The FWC has reignited the employment status of gig economy workers debate again after a Deliveroo delivery rider was determined to be an employee in Diego Franco v Deliveroo Australia Pty Ltd  FWC 2818 (18 May 2021).
The decision is the latest in a mixed bag series of decisions over the last few years which have seen gig economy workers found to be employees and others to be independent contractors.
The well-established legal principles regarding whether a person is an employee or an independent contractor have been challenged in recent years by the unique and novel ways of engaging gig economy workers.
In previous decisions regarding Uber ride share drivers and delivery drivers, these non-traditional ways of allocating work, including the acceptance and rejection of jobs through Uber’s app platform, have swayed FWC decision makers to find those individuals to independent contractors.
This includes, most infamously, in a FWC Full Bench decision which determined an Uber delivery driver was not an employee of Uber, but also not an individual conducting a business in their own right – a traditional element of an independent contracting arrangement.
However, in a shift in the application of the established legal principles, Commissioner Cambridge has, in the Diego decision, found a delivery rider to be an employee, emphasising the relationship between Mr Franco and Deliveroo needed to be assessed in “the context of a modern, changing workplace impacted by our digital new world”.
In rejecting Deliveroo’s arguments to the contrary, Commissioner Cambridge found Deliveroo could exercise control over Mr Franco (and, by extension, all of its riders) since it controlled and had access to the considerable data relating to the performance and activities of those who use the app. Despite it appearing Mr Franco had control through his ability to accept and reject deliveries, Commissioner Cambridge emphasised this was an illusion of control and Deliveroo could exercise significant control over when, where and for how long Mr Franco worked if it chose to do so.
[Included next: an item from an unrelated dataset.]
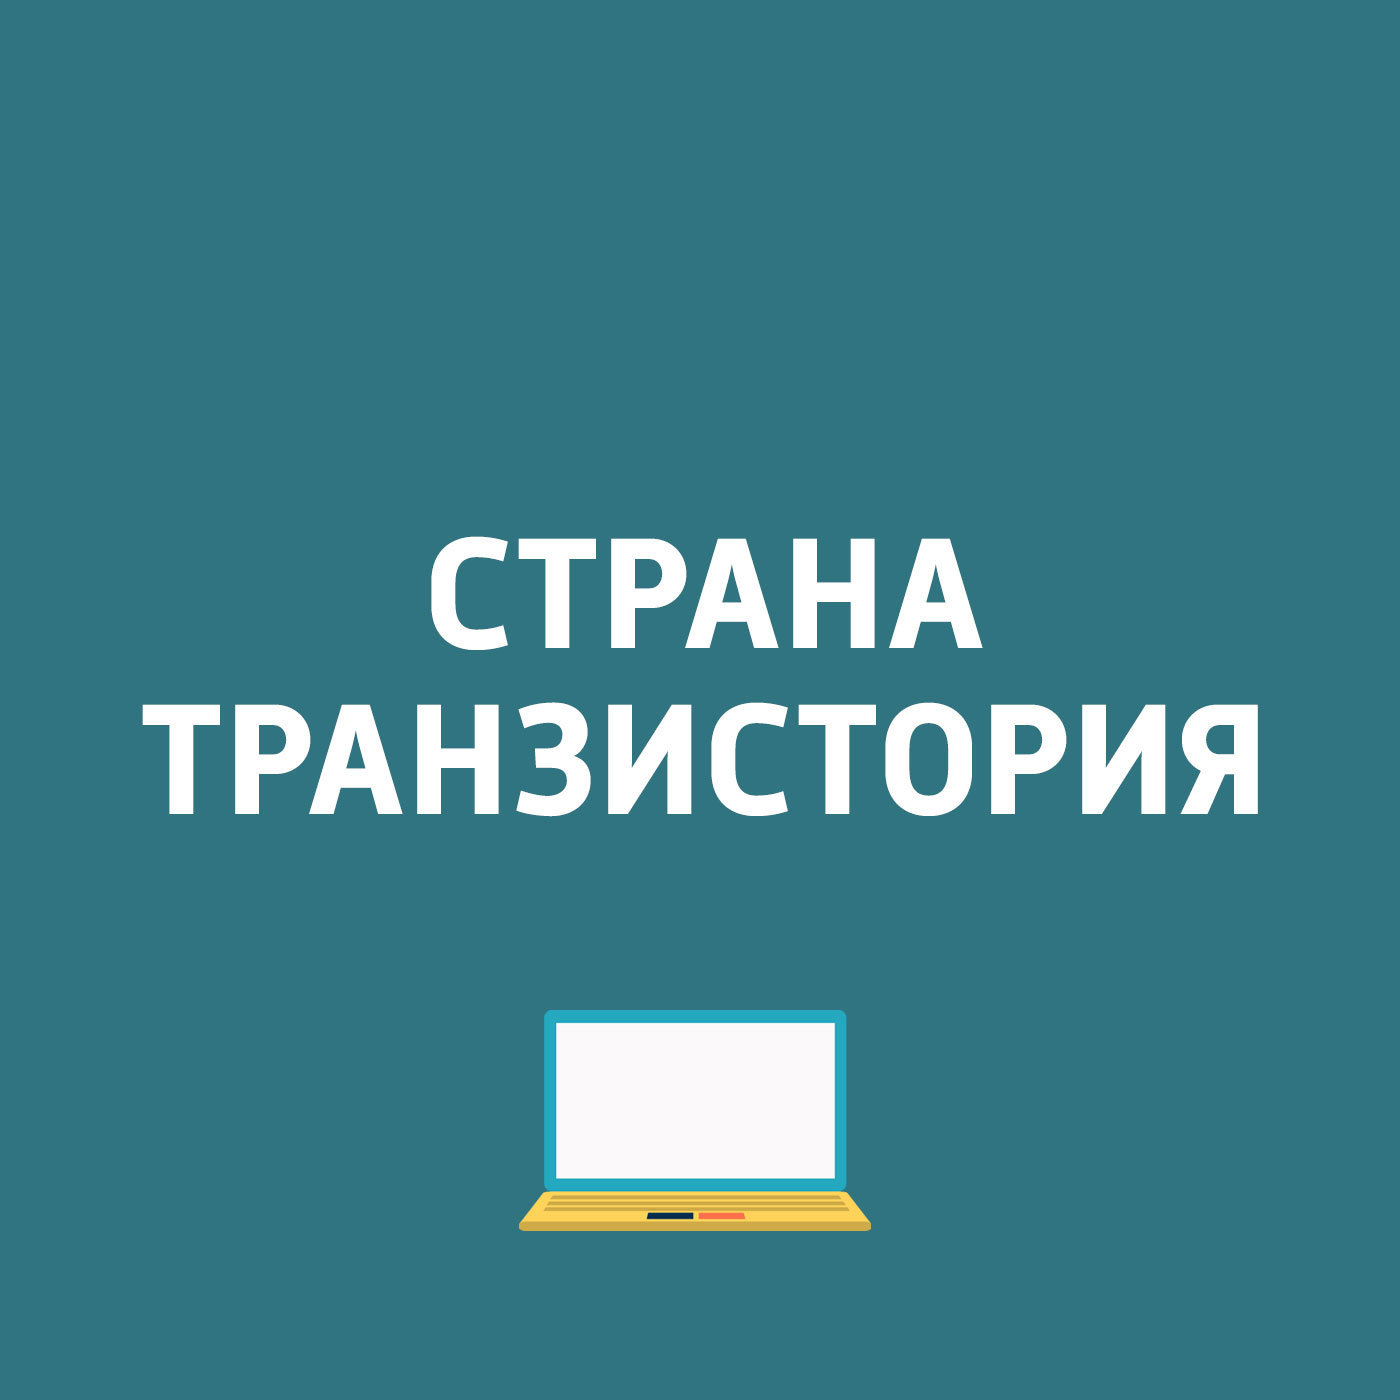 Картаев Павел AliExpress меняет правила доставки товаров; Обзор игр... картаев павел чуррос

Commissioner Cambridge also departed from previous decisions in rejecting Deliveroo’s argument that Mr Franco’s “multi-apping” (being signed into multiple delivery app platforms simultaneously) prevented an employment relationship from existing, emphasising the lack of requirement for a physical, single workplace and the introduction of new technologies meant it was possible an individual could work for two or more employers at once.
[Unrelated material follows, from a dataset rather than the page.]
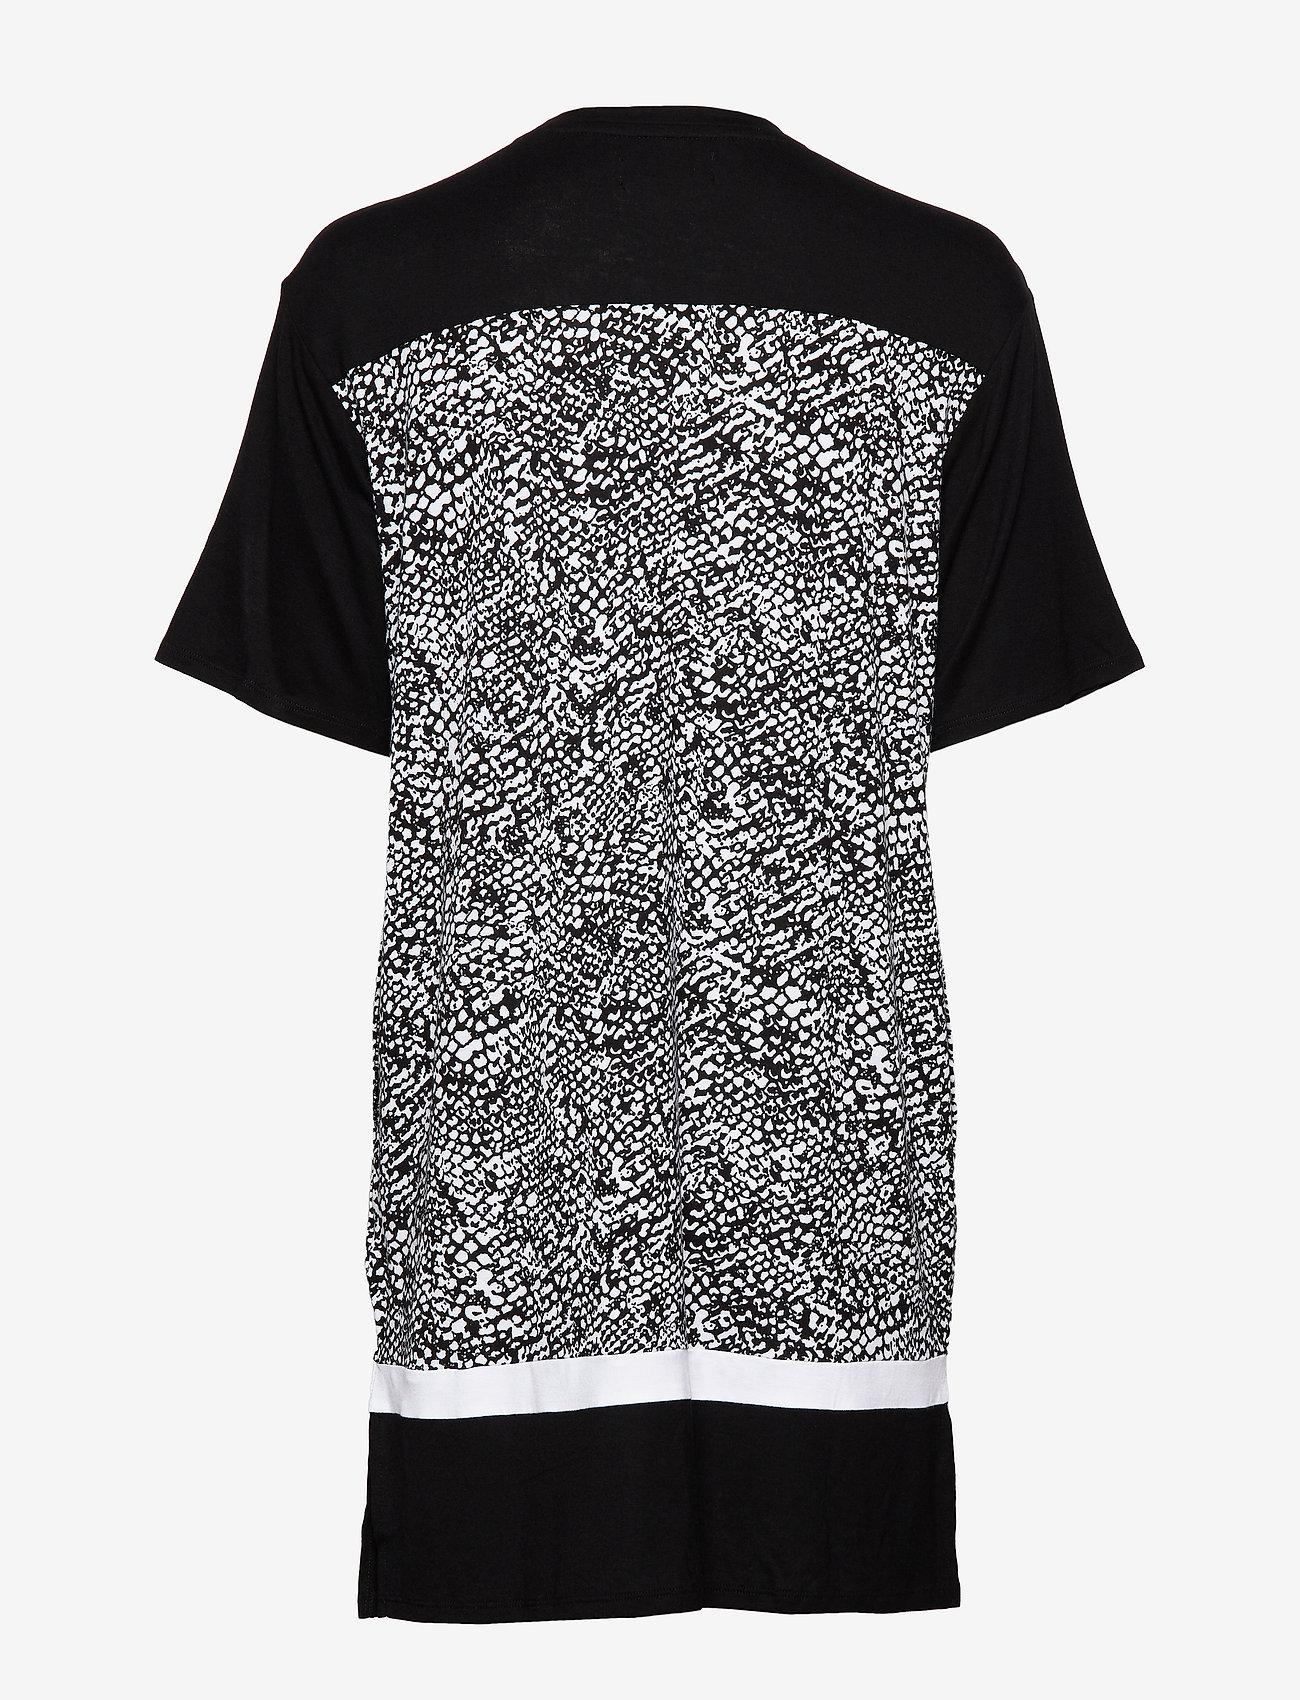 Dkny Shadow Play Sleepshirt S. Sl. (Black Snake) - DKNY Homewear ZwcBQJ

The decision is a reminder of the continuing tenson which exists between the traditional common law principles of employee vs independent contractor and the modern ways of performing work. The decision will likely add to the growing chorus of voices seeking different characterisation and treatment for individuals participating in the gig economy.
Mr Franco was reinstated with backpay. Deliveroo has indicated it will appeal the decision.
Lessons for employers
- Potential labour costs benefits arising from shifts to a gig economy-based service model should be assessed in context of this continually shifting application of well-established legal principles.
- Employers should be aware there is likely to be continued agitation of this issue before the tribunals and Courts and increased regulation is likely to follow.